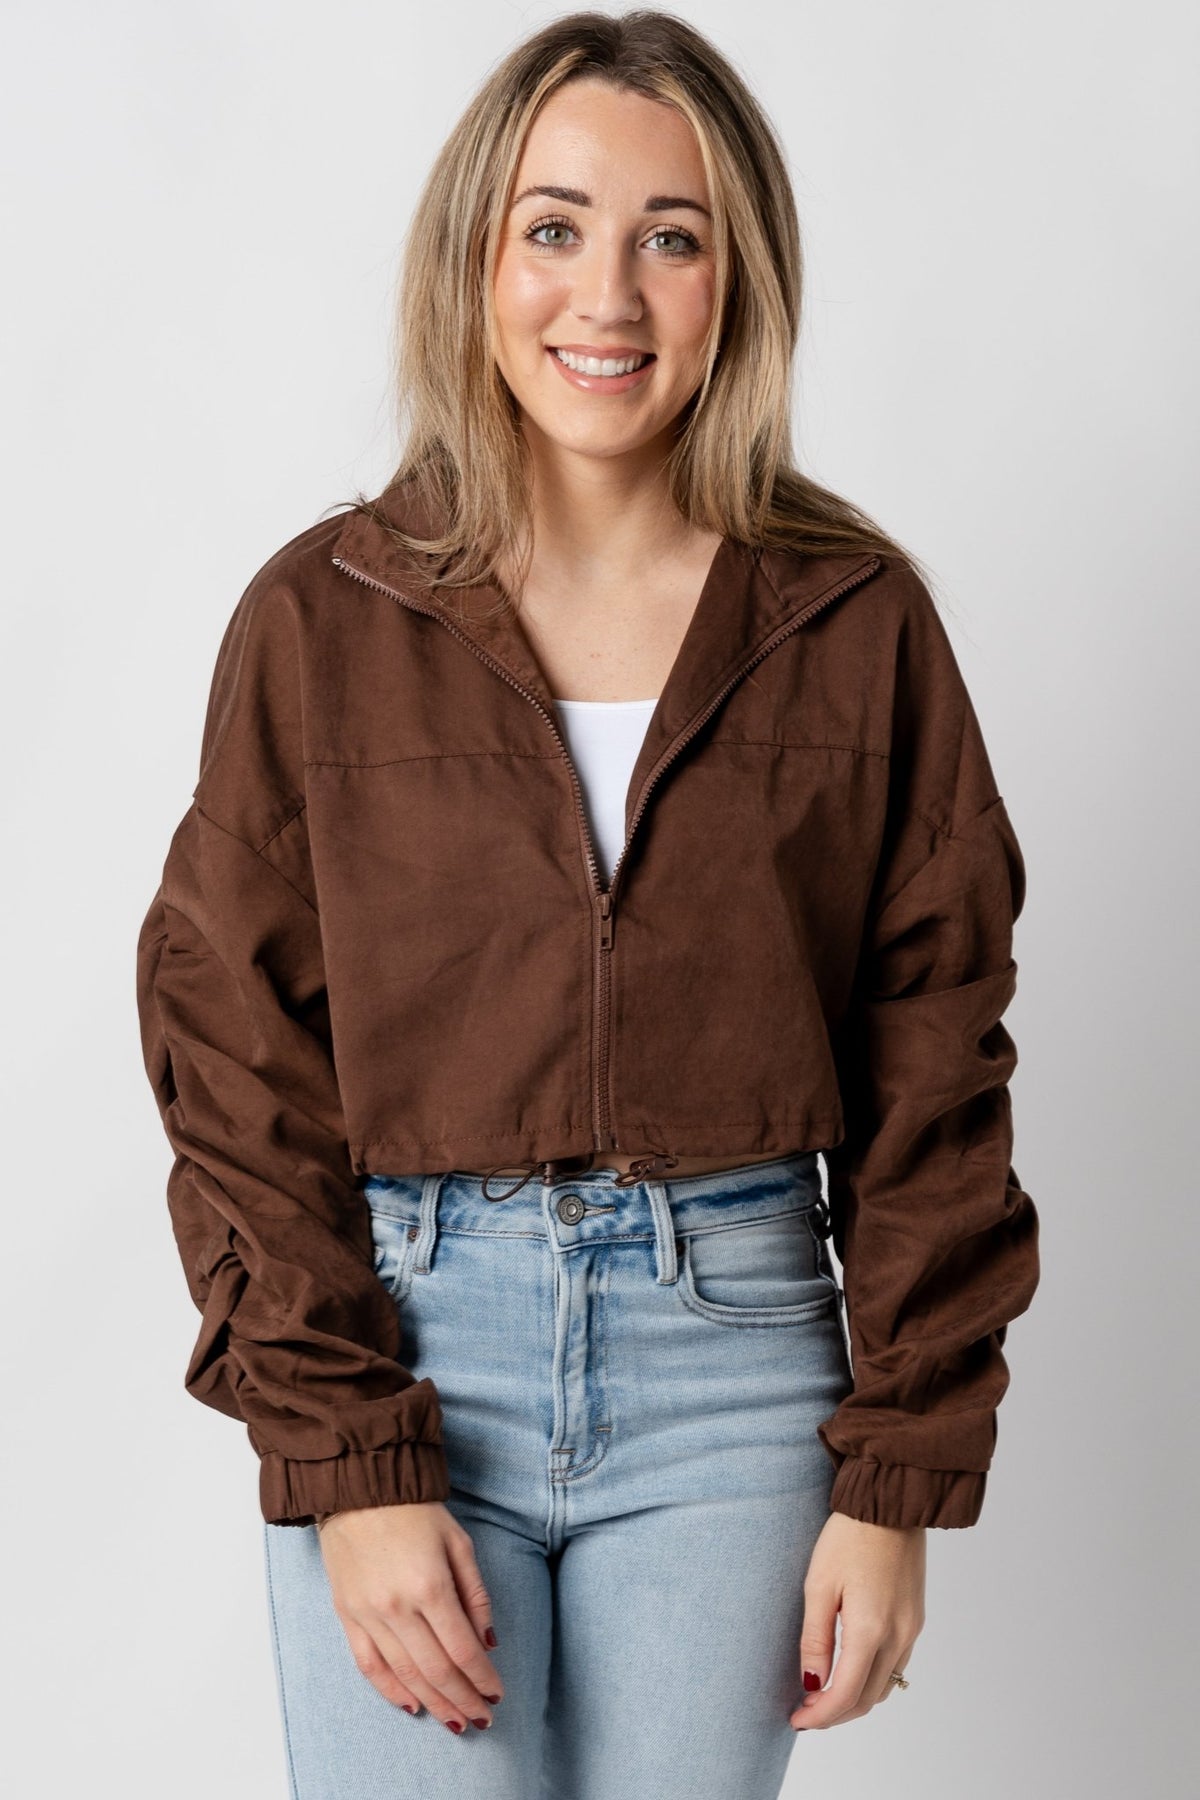 Drawstring crop jacket brown – Trendy Jackets | Cute Fashion Blazers at Lush Fashion Lounge Boutique in Oklahoma City
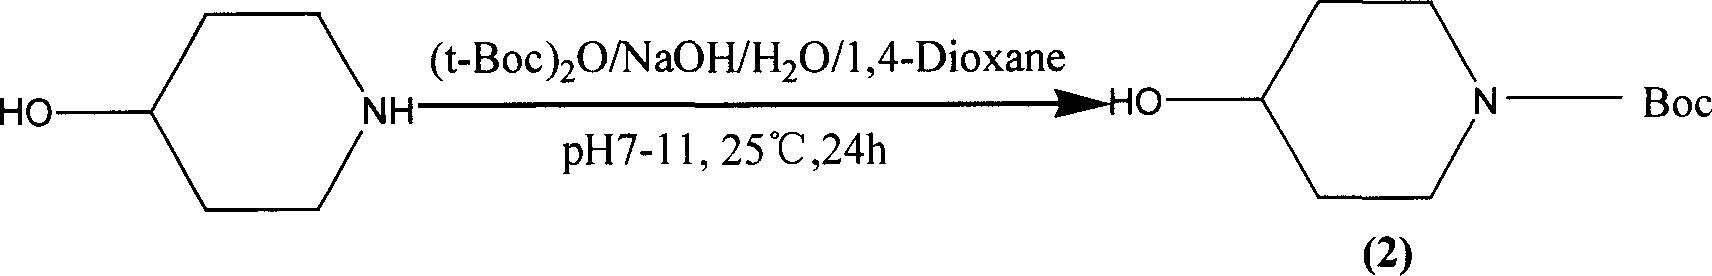 4-acetoxypiperidine hydrochlorate preparation method
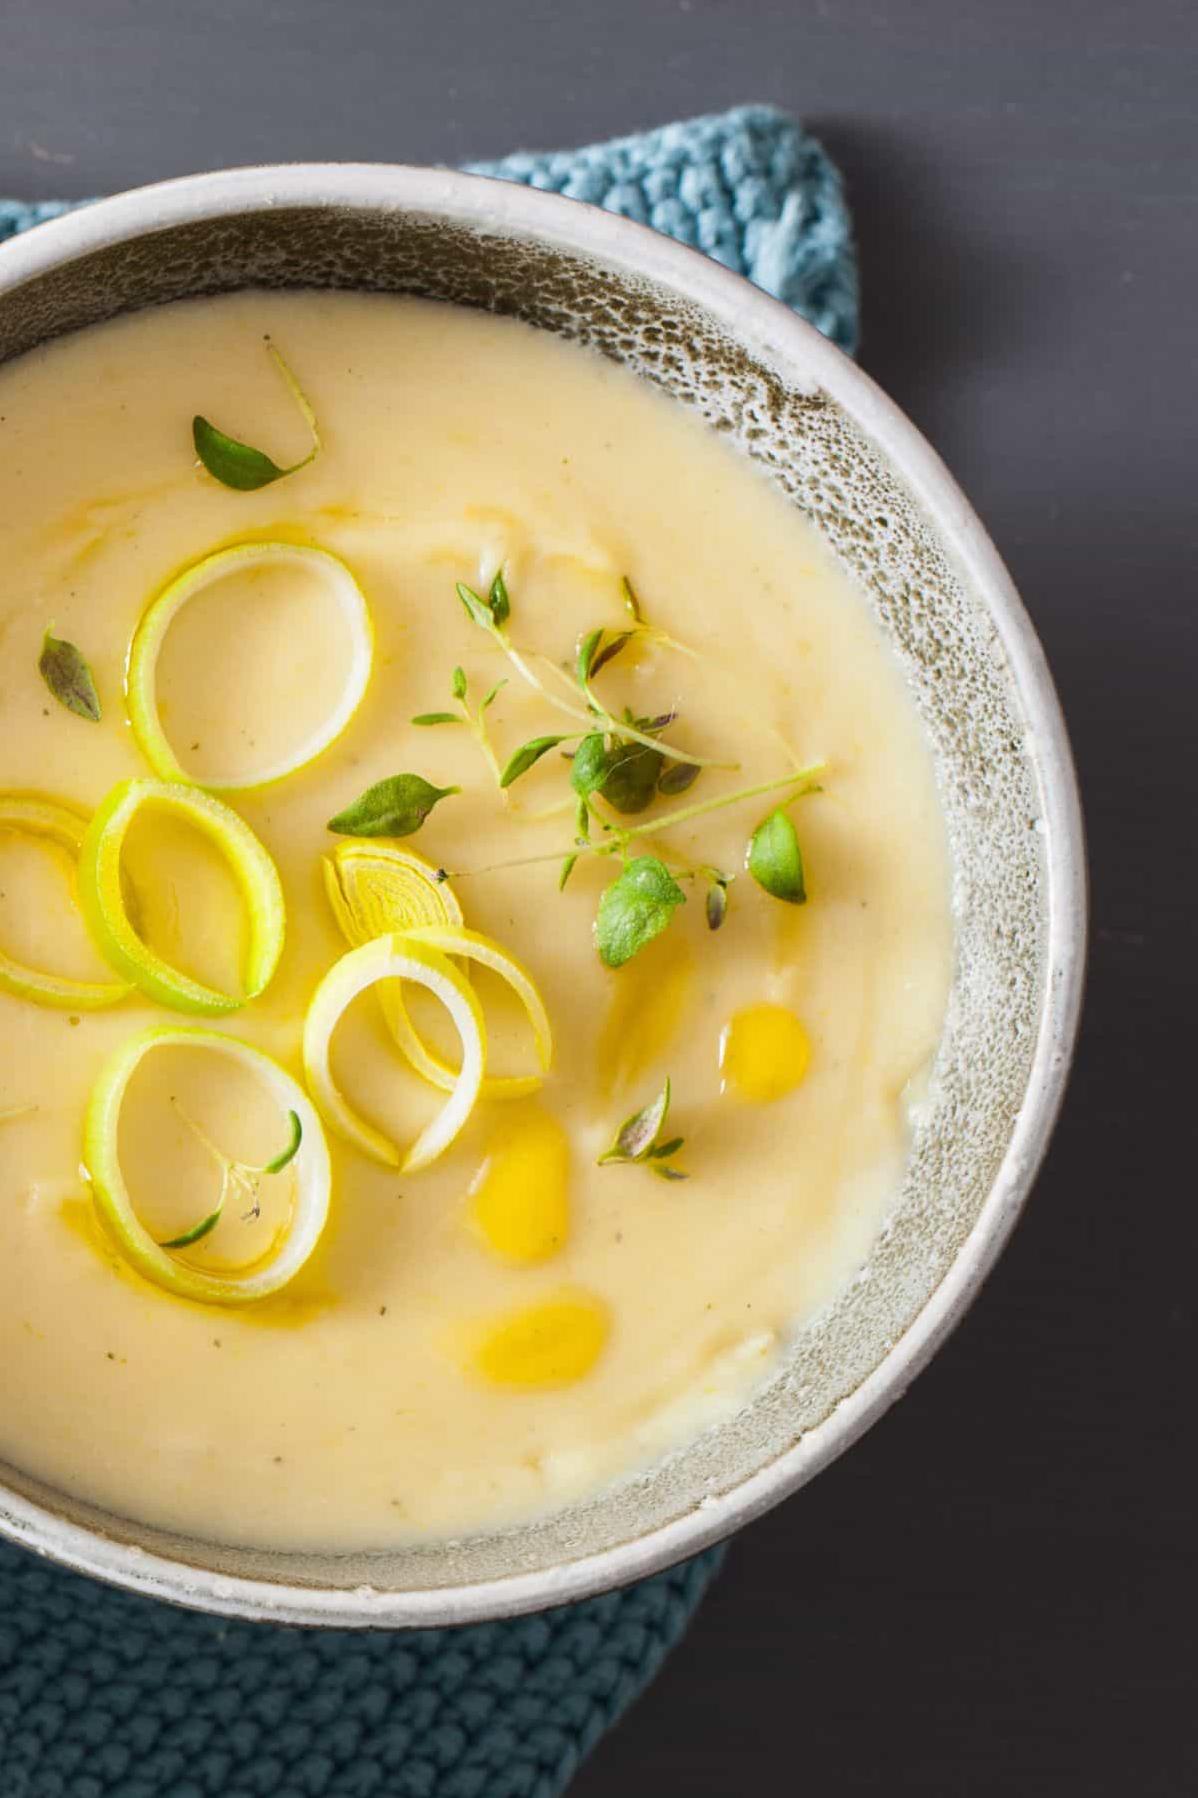  Creamy, vegan goodness in a bowl!
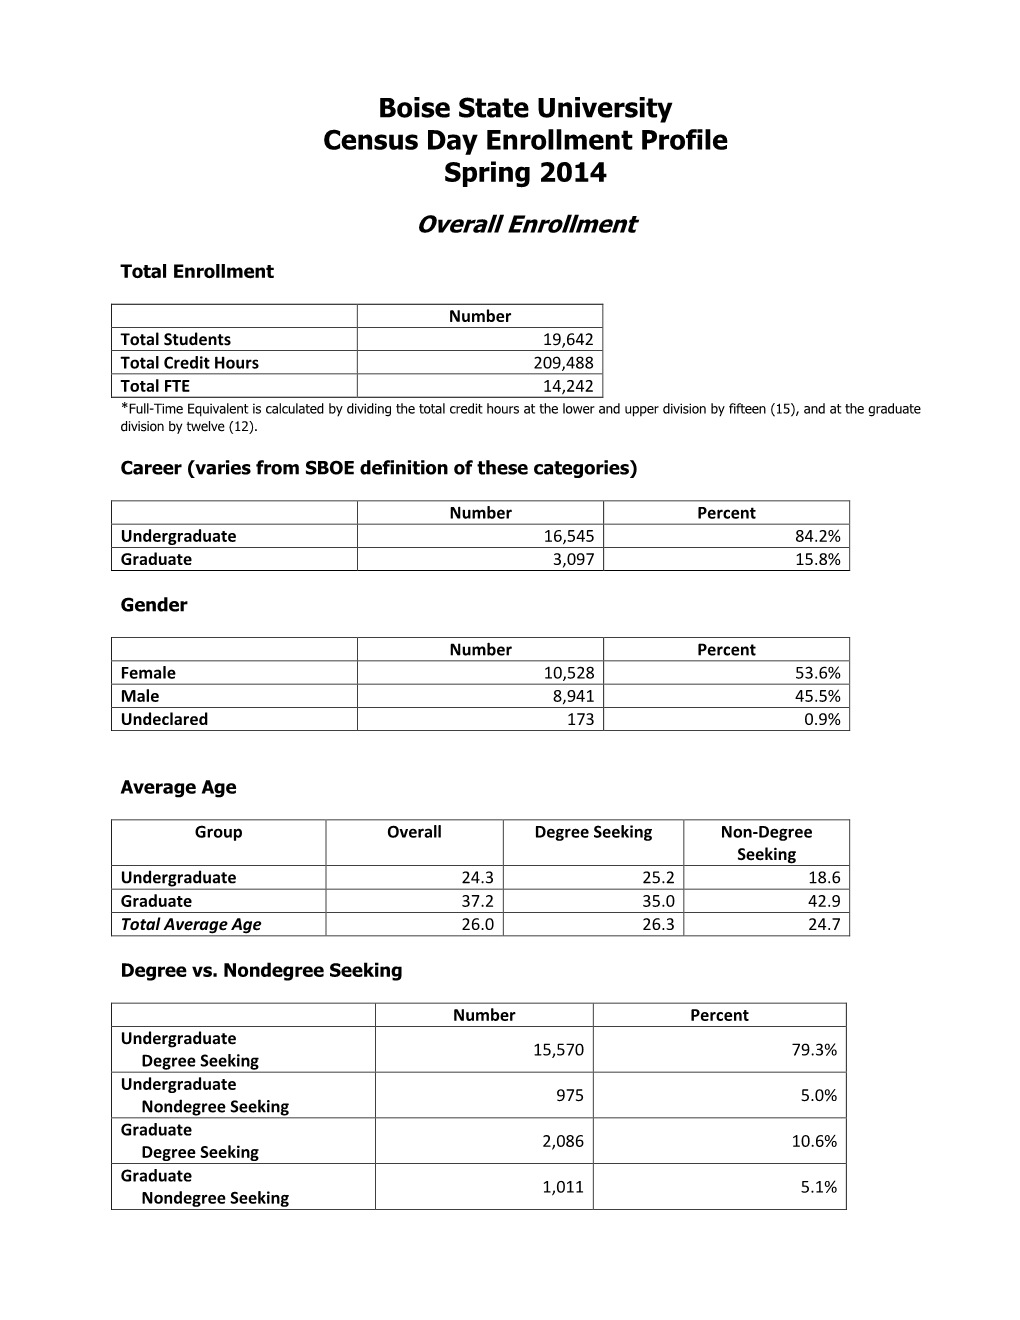 Boise State University Census Day Enrollment Profile Spring 2014
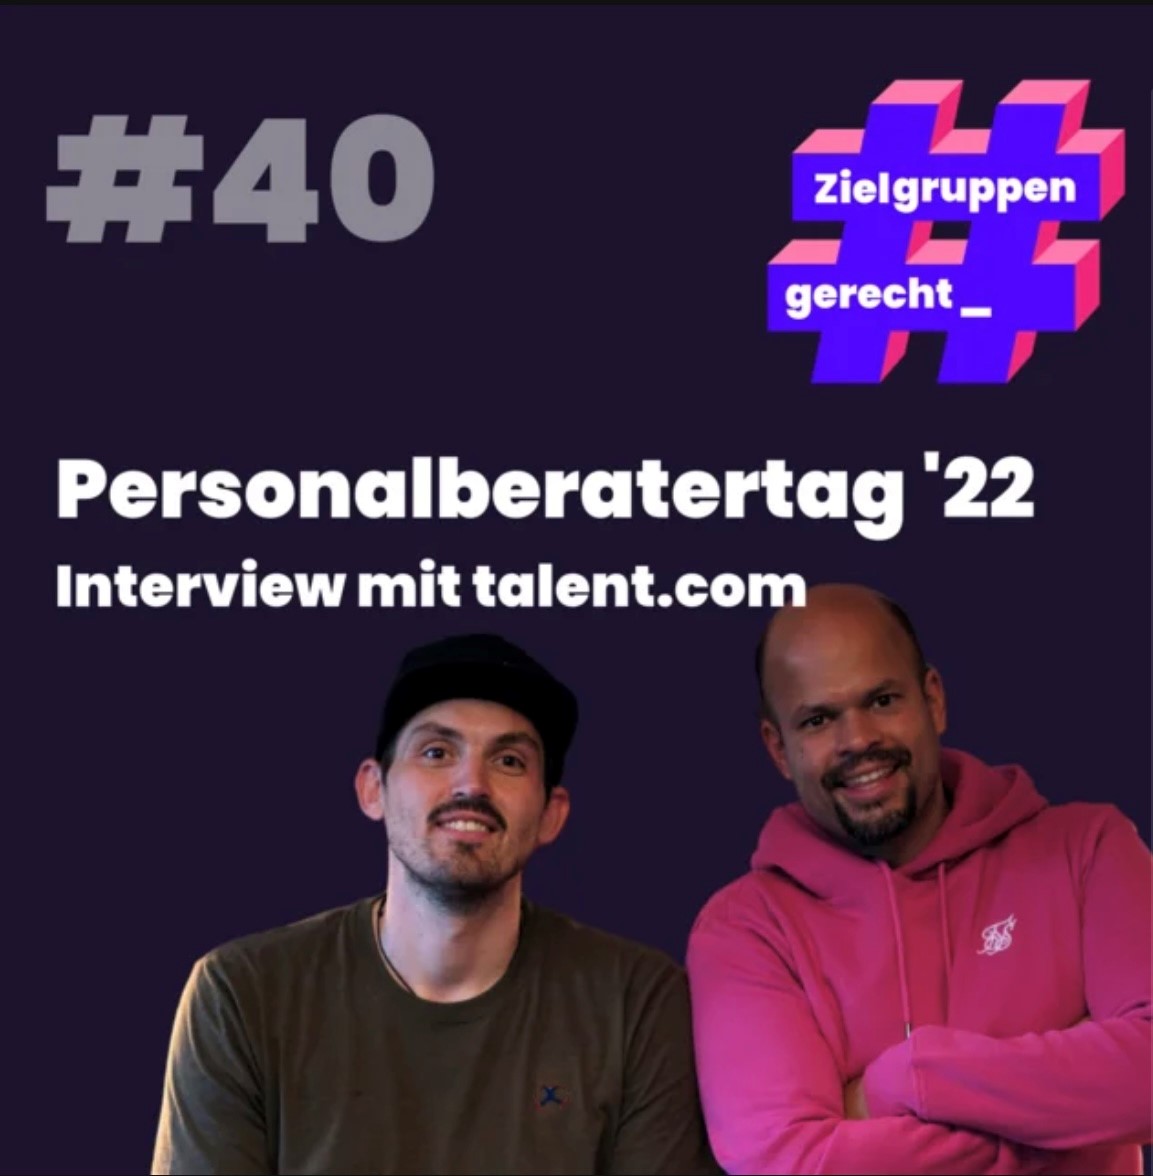 Interview mit Talent.com zum Personalberatertag 2022
........
▶ [TASK REQUIREMENTS]
Reproduce exactly the lines from the one containing "4-acetoxypiperidine hydrochlorate preparation" through the last line of the records, both included, leaving out every picture.

▶ [RESULT OF THE TASK]
 4-acetoxypiperidine hydrochlorate preparation method
  Creamy, vegan goodness in a bowl!
 Boise State University Census Day Enrollment Profile Spring 2014
 Interview mit Talent.com zum Personalberatertag 2022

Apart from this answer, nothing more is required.